Additionally, Thailand could benefit from diversifying its appeal by promoting lesser-known destinations and unique cultural experiences. Tailored marketing strategies focusing on value-driven offers, as suggested by industry experts, could entice budget-conscious Chinese travelers while maintaining appeal to high-spending long-haul markets. Partnerships with regional airlines and travel platforms might also facilitate competitive pricing and accessibility, countering the draw of destinations like Japan and Vietnam.
Investing in digital marketing to engage with younger Chinese demographics through social media platforms popular in China, such as WeChat and Douyin, could further bolster Thailand’s visibility. Highlighting sustainable tourism initiatives and eco-friendly attractions might also resonate with evolving traveler preferences, positioning Thailand as a forward-thinking destination.
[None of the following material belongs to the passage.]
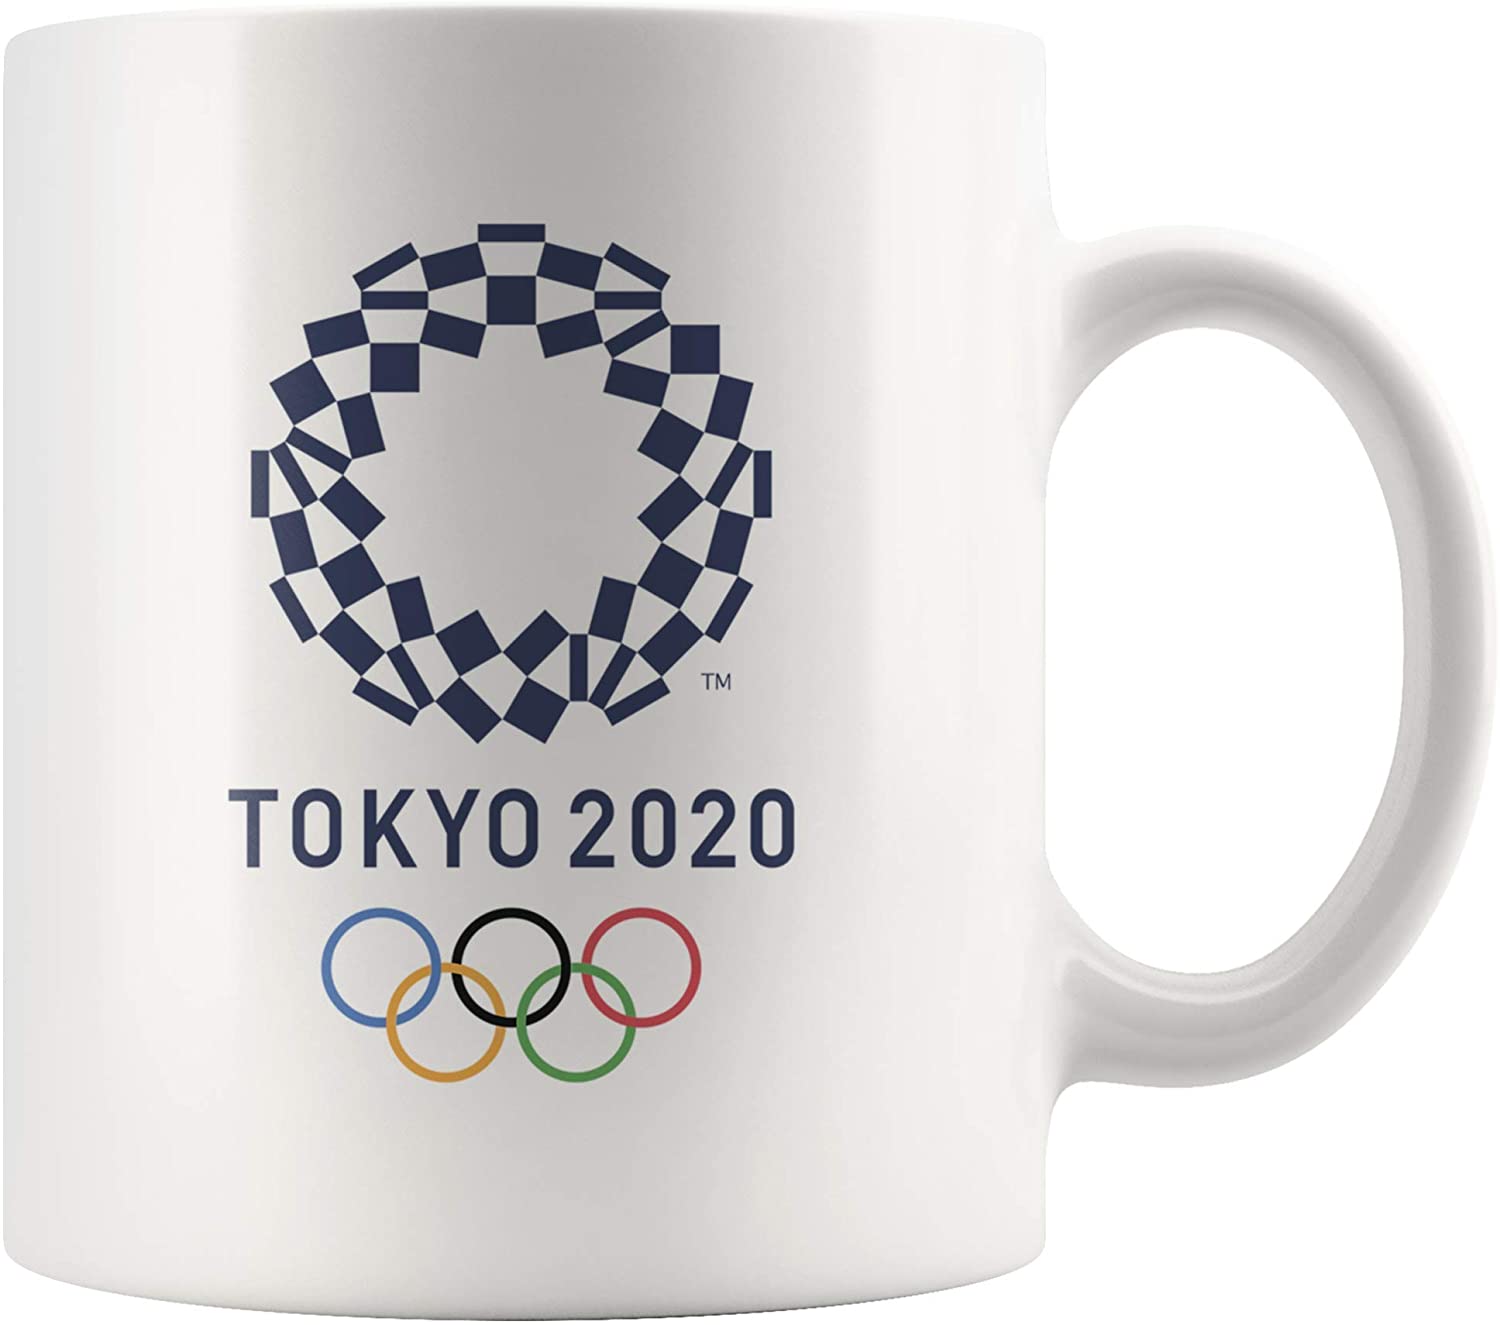 proposte a tema Tokyo 2020 - tazza
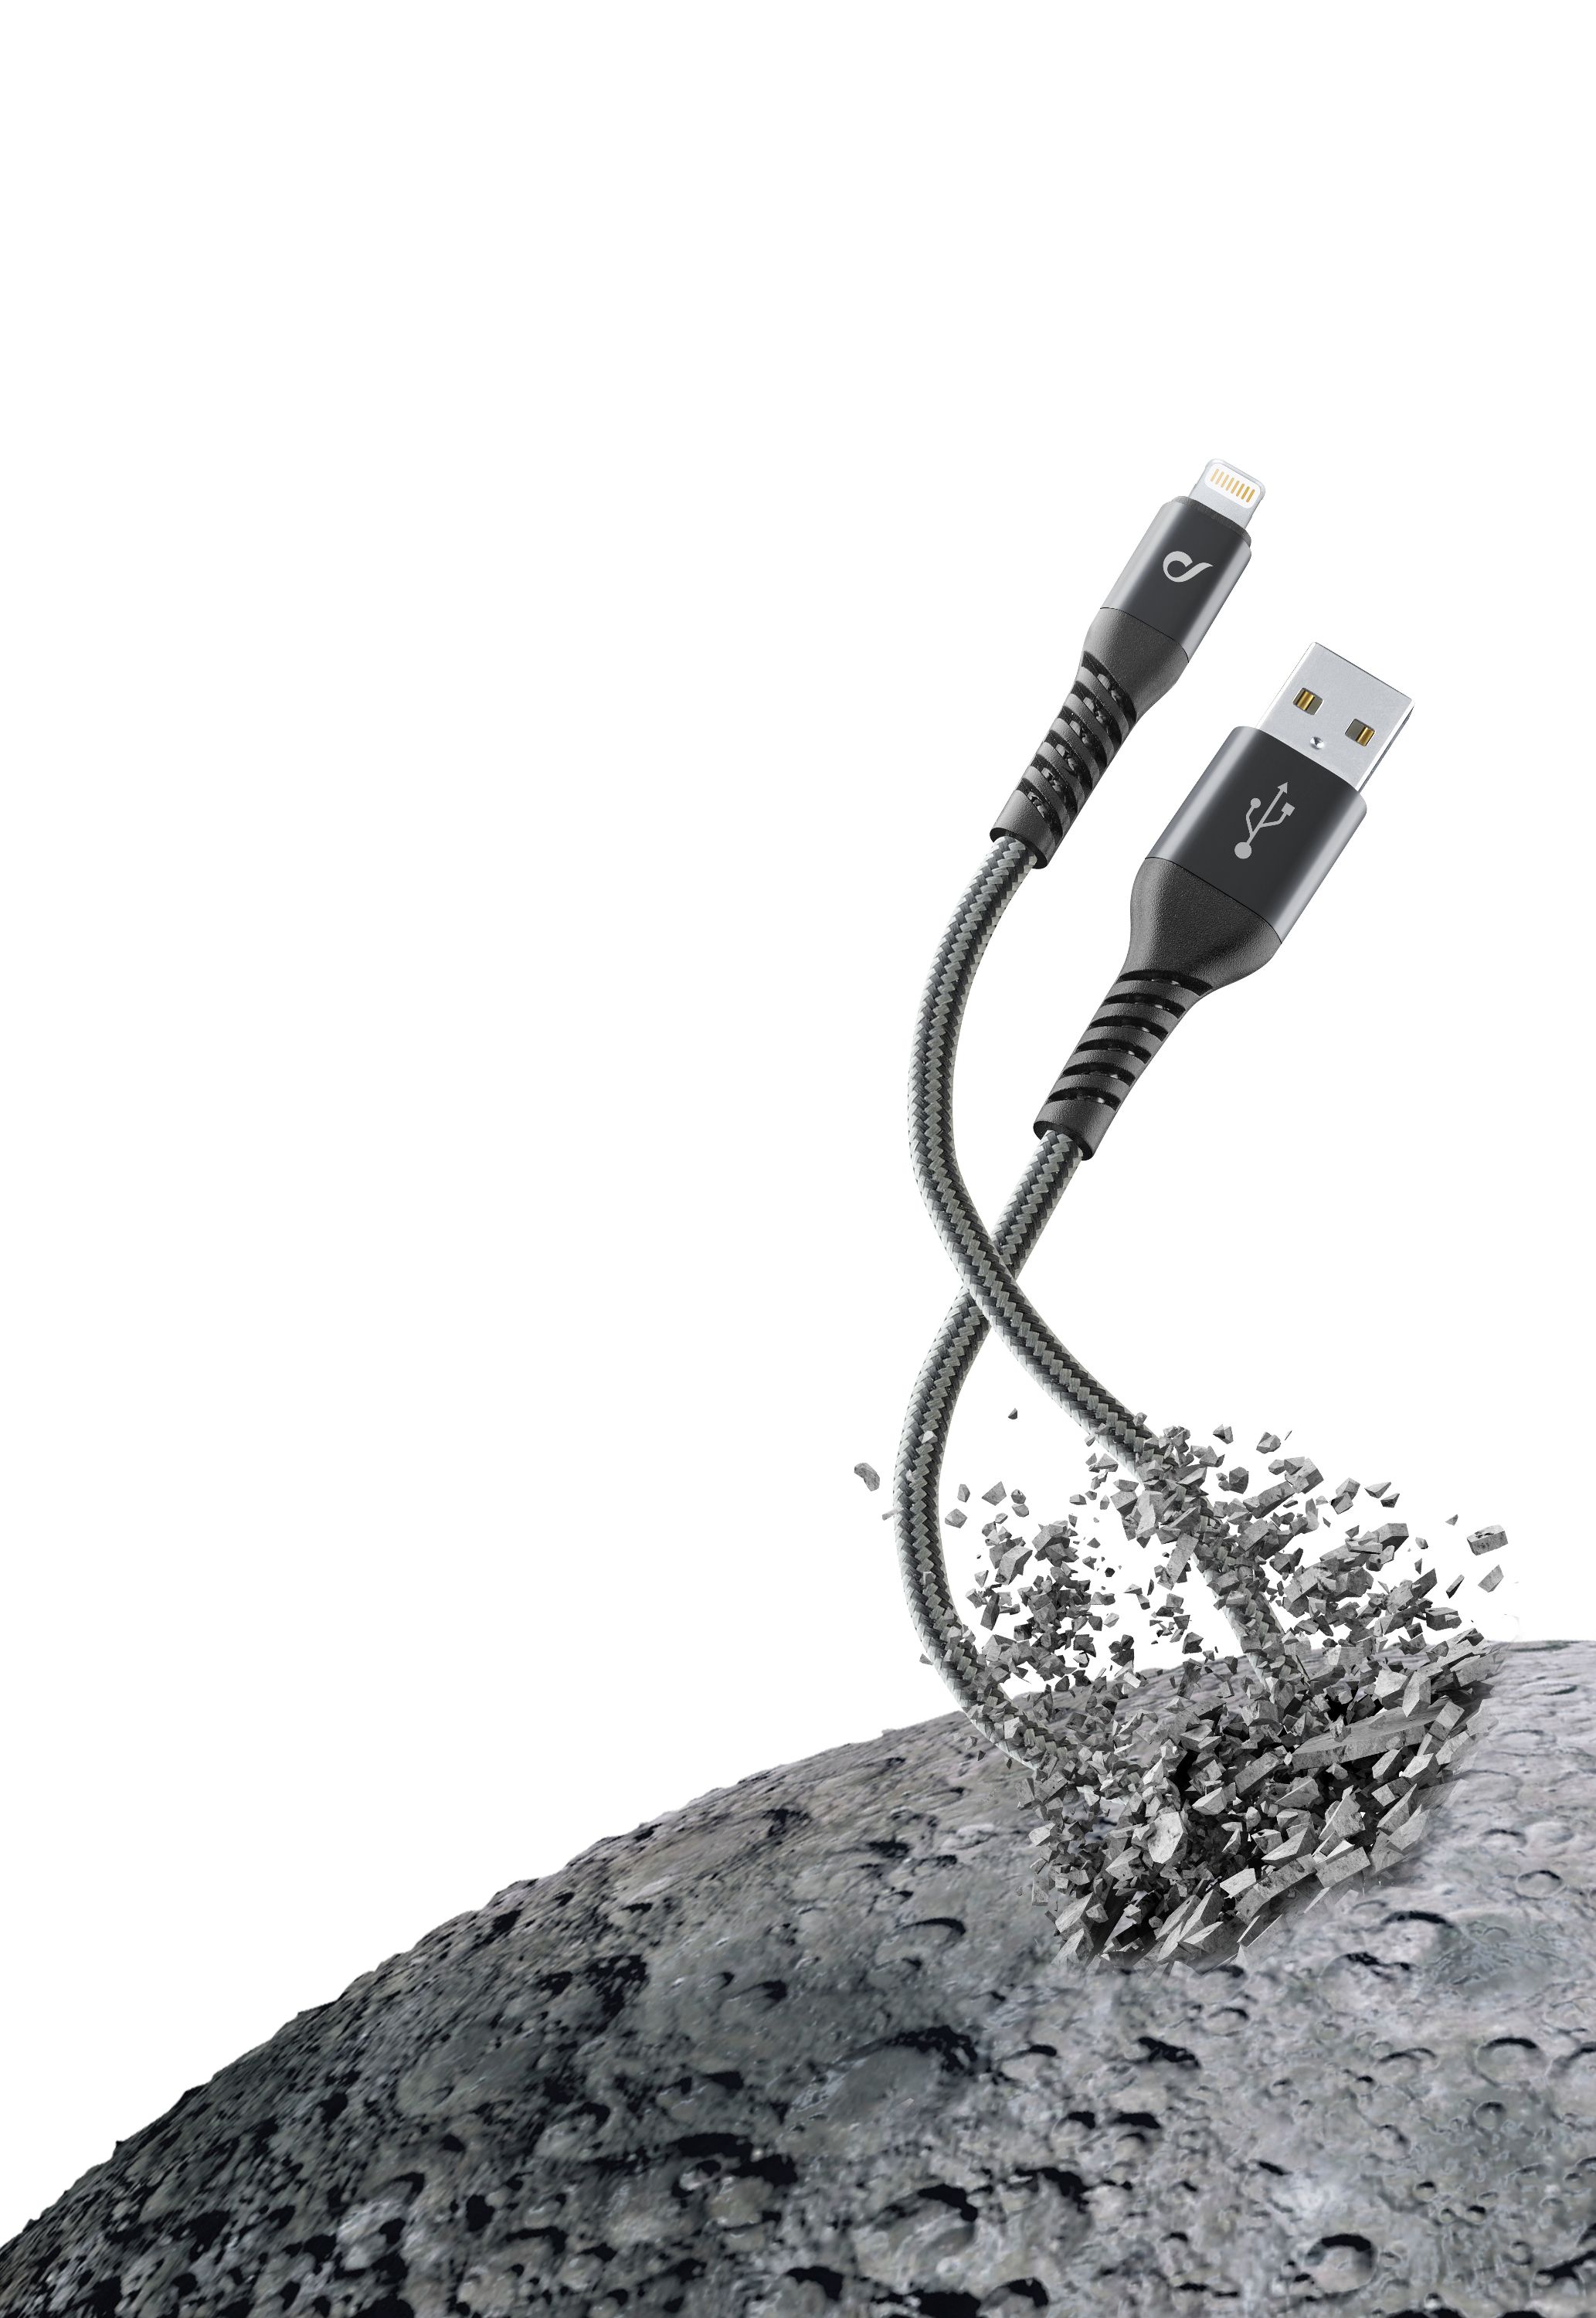 Usb kabel, kevlar Apple lightning 1,2m, zwart

Broader Implications for Thailand’s Economy
Tourism accounts for a substantial portion of Thailand’s GDP, and the current challenges in the sector reverberate across related industries, including hospitality, retail, and transportation. Small businesses in tourist-heavy areas like Bangkok, Phuket, and Chiang Mai, which rely heavily on international visitors, face mounting pressures as footfall declines. The ripple effect of reduced tourist spending could hinder economic growth, particularly in regions dependent on the industry.
Furthermore, the shift in market dynamics underscores the need for Thailand to reduce its reliance on any single source market. While the growth in long-haul arrivals and emerging markets offers a buffer, a more balanced and diversified tourist portfolio is essential for long-term resilience. Policymakers may need to explore incentives for high-spending demographics while simultaneously addressing structural issues like currency strength and regional competition.
Looking Ahead
As Thailand navigates this turbulent period, the path to recovery remains uncertain. The loss of Chinese tourists, compounded by global economic headwinds, poses a formidable challenge to an industry still healing from the impacts of the COVID-19 pandemic. While positive signs from other markets provide some optimism, they are not yet sufficient to fill the void left by China’s diminished presence.
The coming months will be critical for Thailand’s tourism sector. Whether through innovative marketing, enhanced safety measures, or strategic partnerships, the country must act swiftly to reclaim its position as a premier global destination. As reforms and initiatives unfold, the economic implications of these efforts will be closely watched by stakeholders across the region.